[Working data — start]

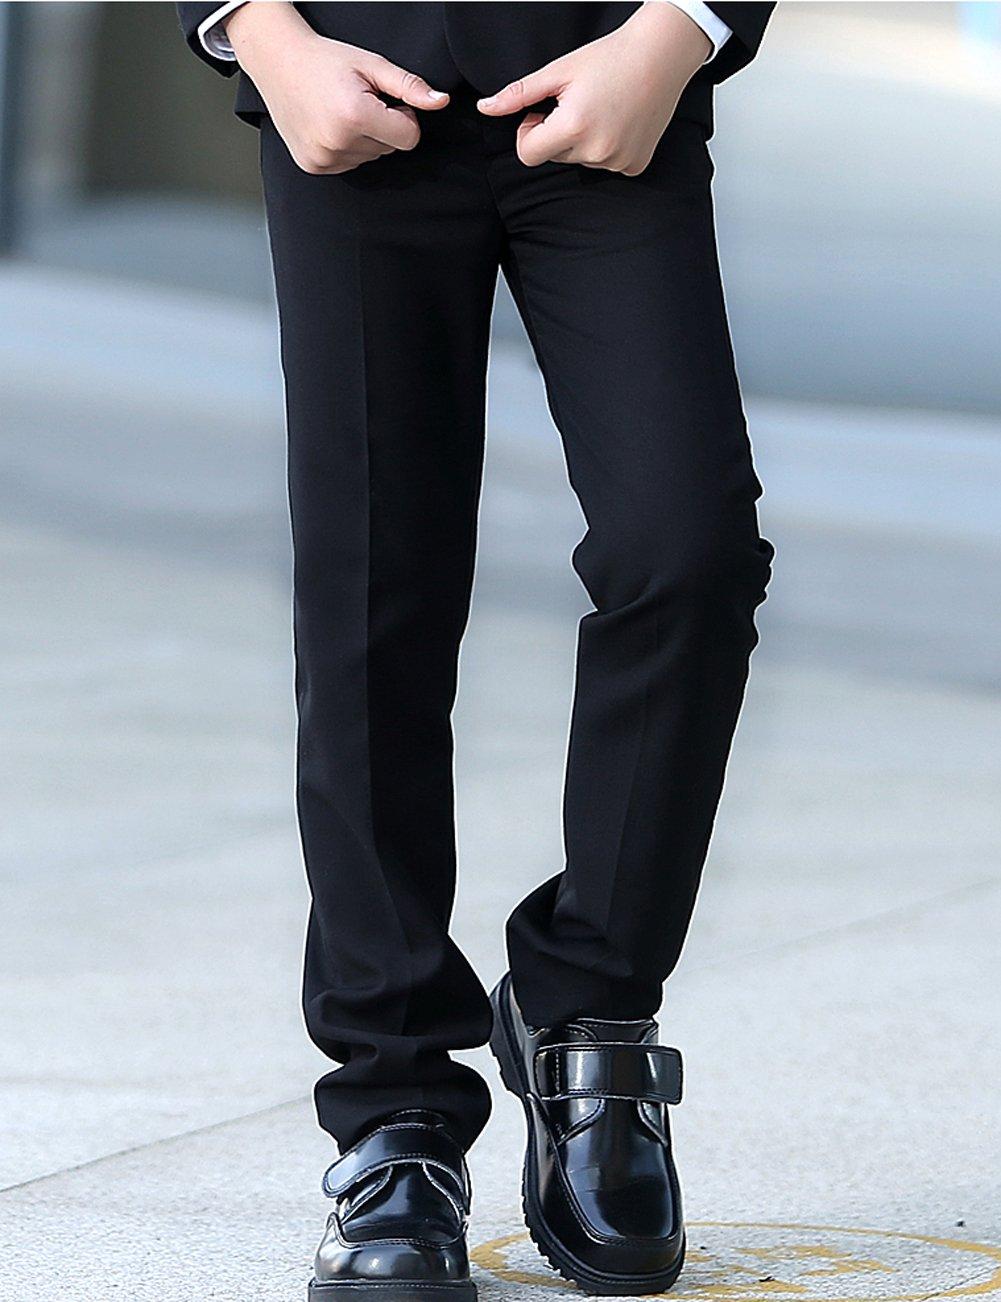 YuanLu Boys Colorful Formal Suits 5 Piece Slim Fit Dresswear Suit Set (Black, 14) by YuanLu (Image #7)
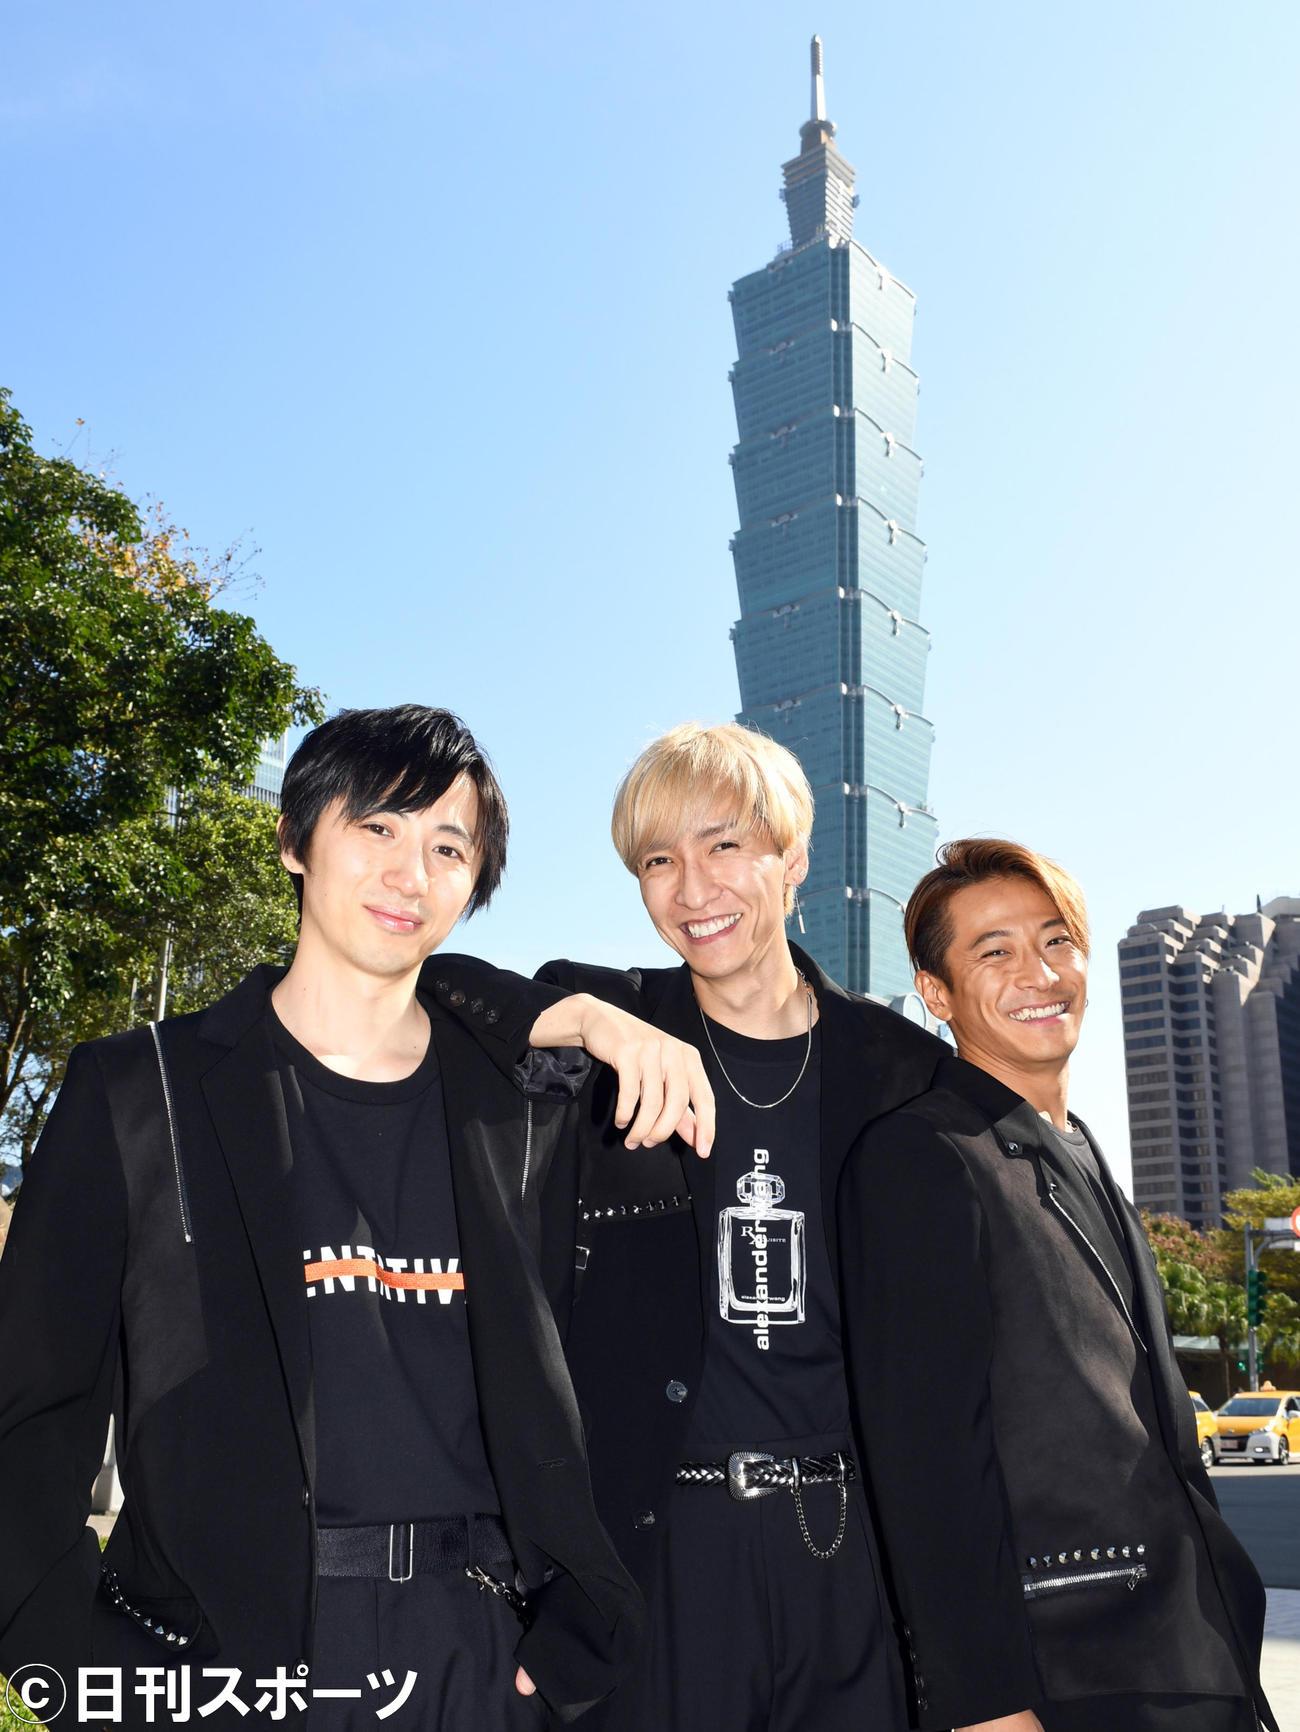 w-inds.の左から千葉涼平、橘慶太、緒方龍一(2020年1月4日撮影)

[Working data — finish]
[Working data — start]

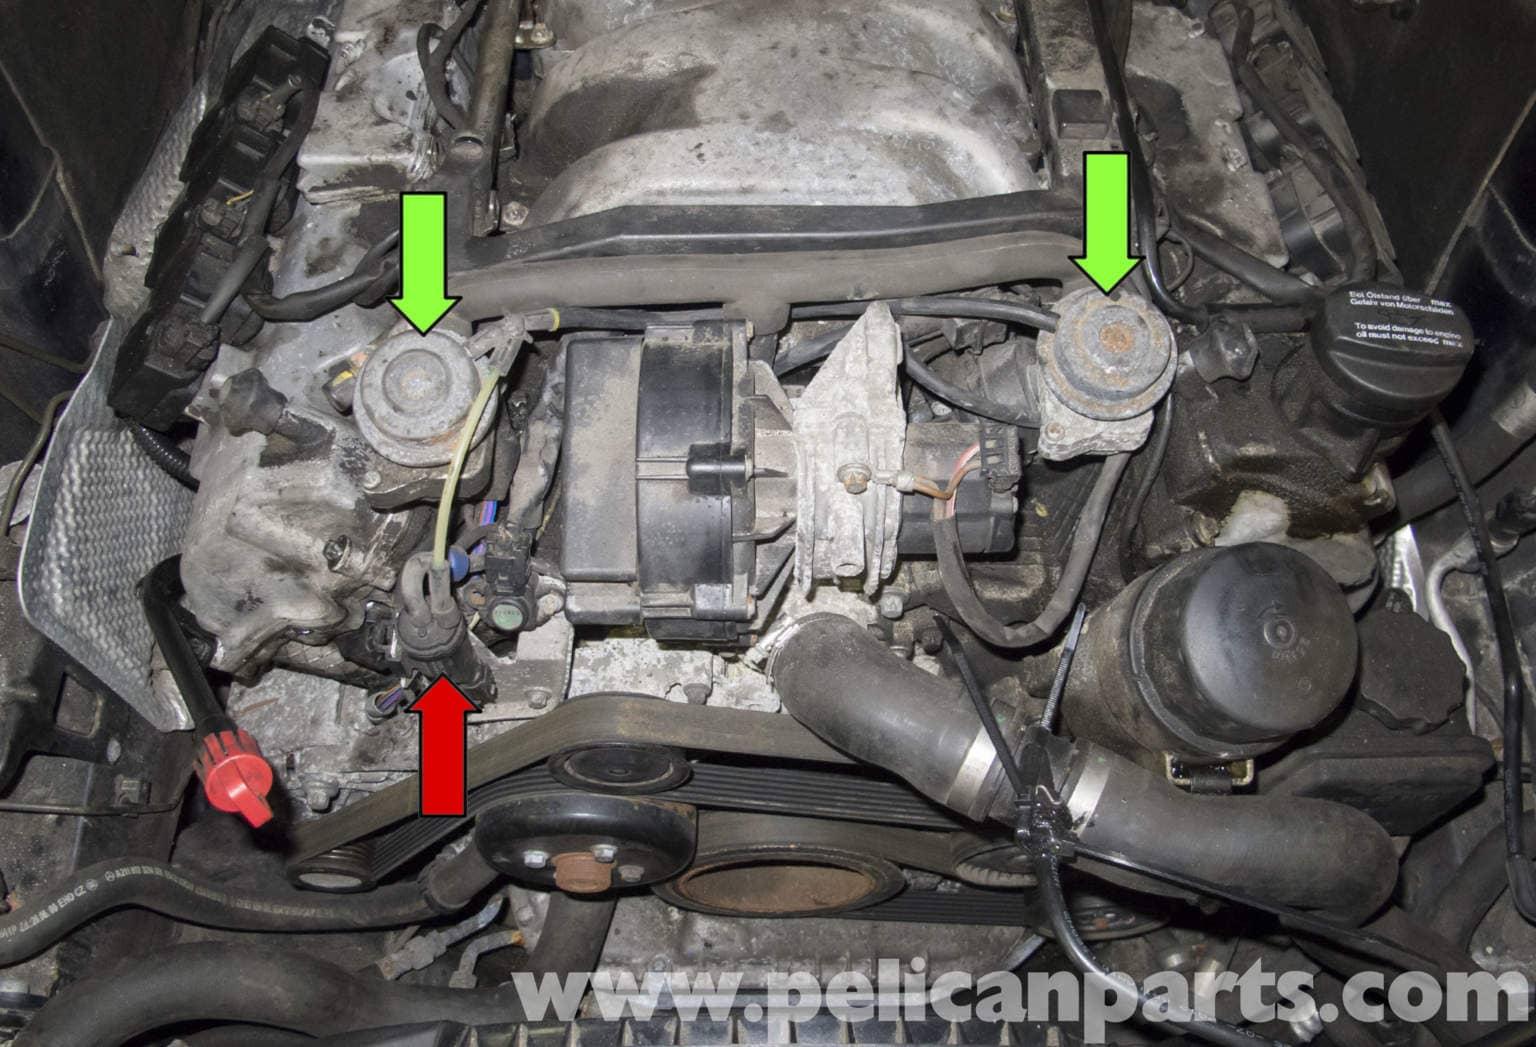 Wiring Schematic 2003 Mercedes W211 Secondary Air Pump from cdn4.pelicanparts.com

[Working data — finish]
[Working data — start]

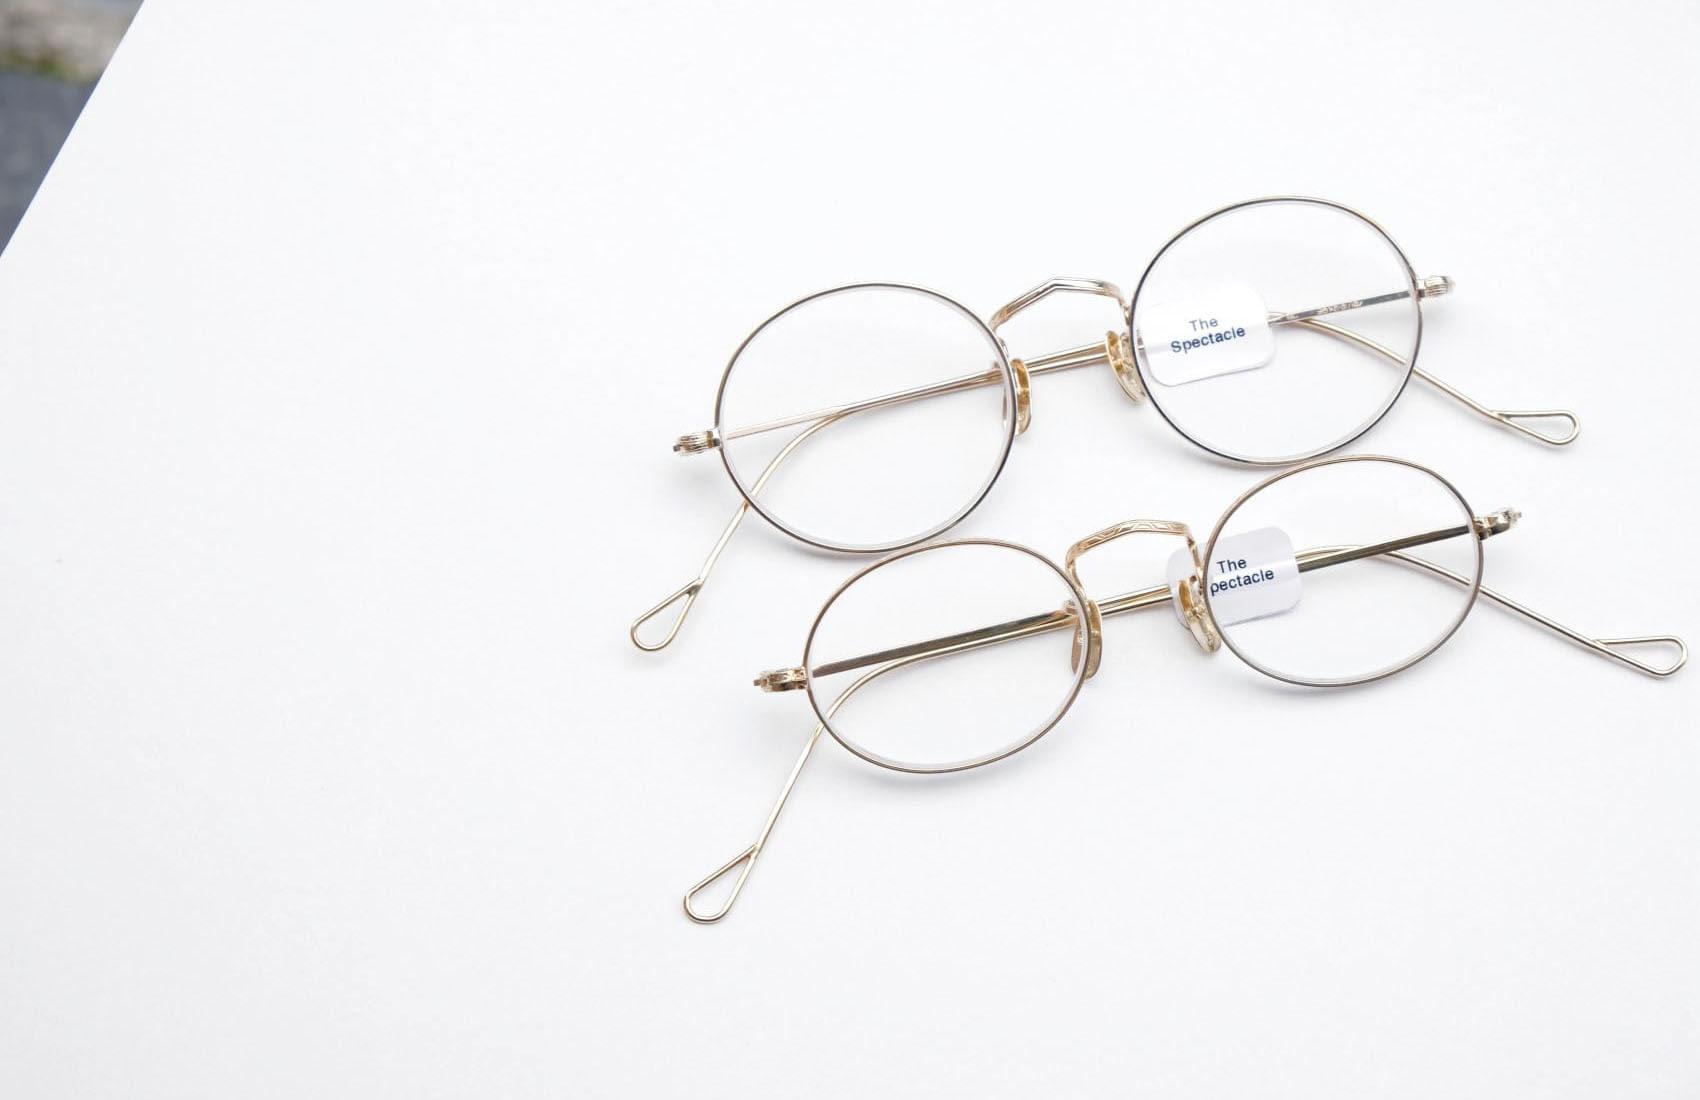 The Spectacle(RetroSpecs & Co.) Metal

[Working data — finish]

◆ **About this task**: In the records above, copy exactly everything from the line that has "YuanLu Boys Colorful" down to the line that has "w-inds.の左から千葉涼平、橘慶太、緒方龍一(2020年1月4日撮影)", both ends included, and leave out the pictures.

◆ **Answer**:
 YuanLu Boys Colorful Formal Suits 5 Piece Slim Fit Dresswear Suit Set (Black, 14) by YuanLu (Image #7)
 w-inds.の左から千葉涼平、橘慶太、緒方龍一(2020年1月4日撮影)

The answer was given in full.